Carolin Teufelberger
Carolin Teufelberger
Zürich, am 28.10.2021

Soll ich meine Wand streichen? Bohre ich jetzt gleich in eine Stromleitung? Hängt das Bild gerade? Gratis-Apps geloben Antworten auf diese Fragen, haben aber nicht immer die passende Lösung.
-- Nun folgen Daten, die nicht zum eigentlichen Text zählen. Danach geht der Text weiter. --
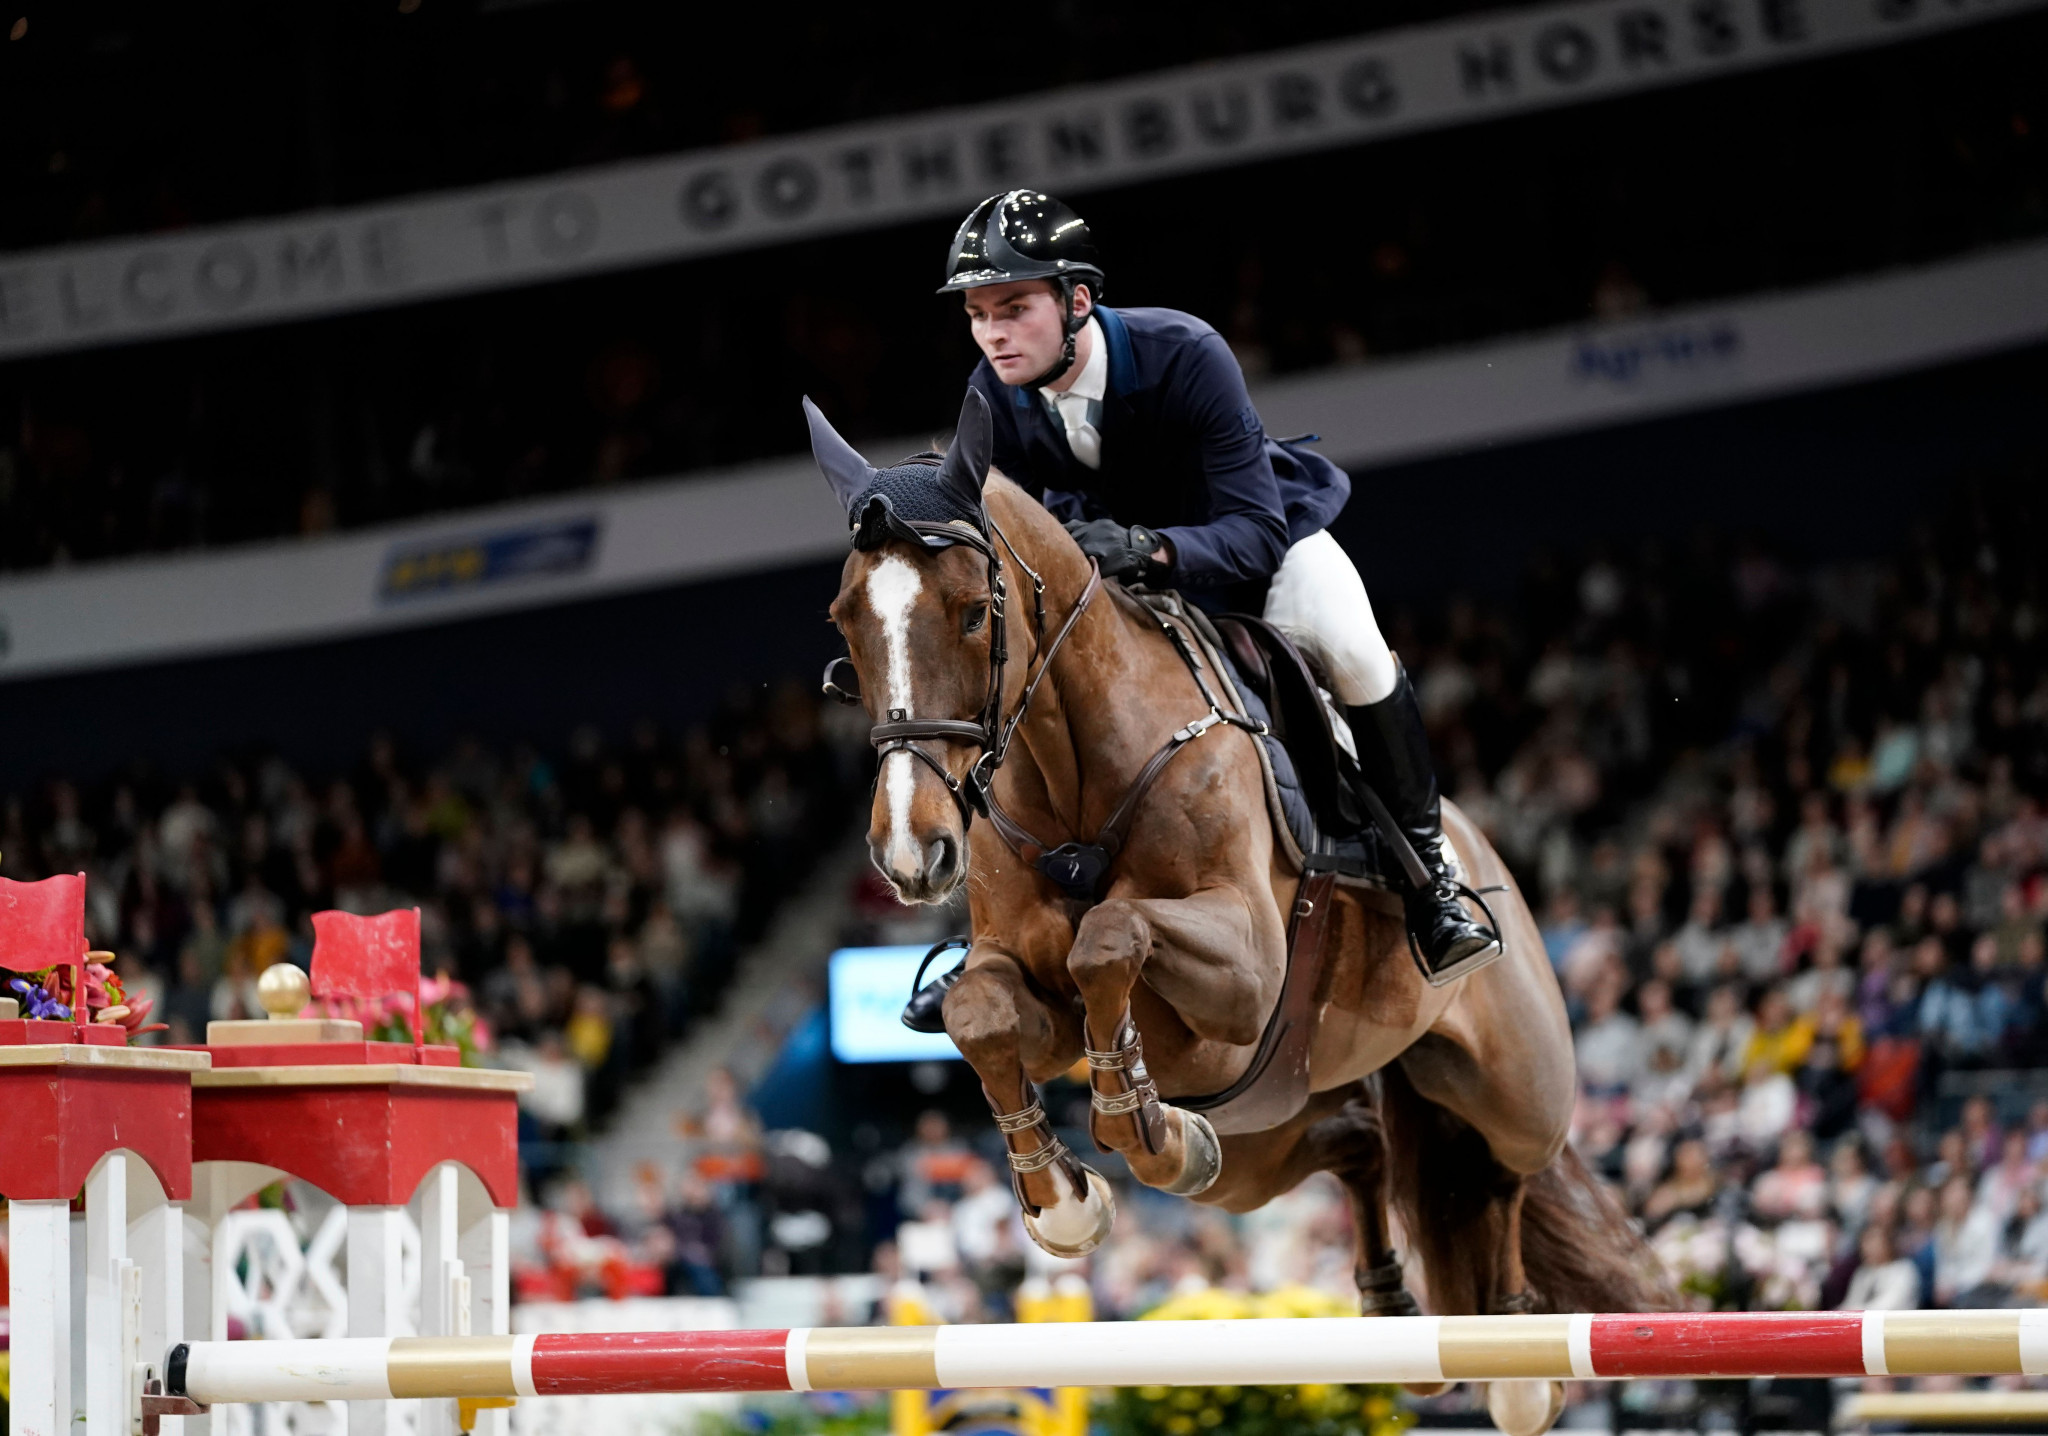 Gothenburg was set to host the FEI Jumping and Dressage World Cup Finals before the EHV-1 outbreak ©Getty Images

Beim Heimwerken tauchen immer wieder Probleme auf. Manchmal sind es die mangelnden Fingerfertigkeiten, manchmal die hohen Kosten und manchmal fehlende Werkzeuge oder Vorstellungskraft. Für den letzten Fall gibt’s allerlei Gratis-Apps, die weiterhelfen sollen. Klingt erst einmal gut, die Frage ist aber, ob sie tatsächlich etwas taugen. Ich habe mir fünf sinnvoll klingende Applikationen heruntergeladen und ausprobiert.

Online-Werkzeugkiste

Wer nicht oft werkt, wird viele hilfreiche Tools nicht zu Hause herumliegen haben. Und für das eine Bild, das die beste Freundin im ersten Lockdown selbst gemalt hat und das nun aus Liebe und schlechtem Gewissen an die Wand soll, lohnt es sich kaum, eine Wasserwaage zu kaufen. Dasselbe gilt für einen Dezibelmesser und die viel zu laute WG-Party im Haus gegenüber. In der App «Werkzeugkiste» findest du diese und weitere Hilfsmittel für die schnelle Überprüfung. Funktioniert tadellos, ersetzt aber die echten Werkzeuge nicht. Ich bin zumindest froh, habe ich eine Wasserwaage, die ich einfach hinstellen kann und die nicht – wie das Handy – gleich umkippt.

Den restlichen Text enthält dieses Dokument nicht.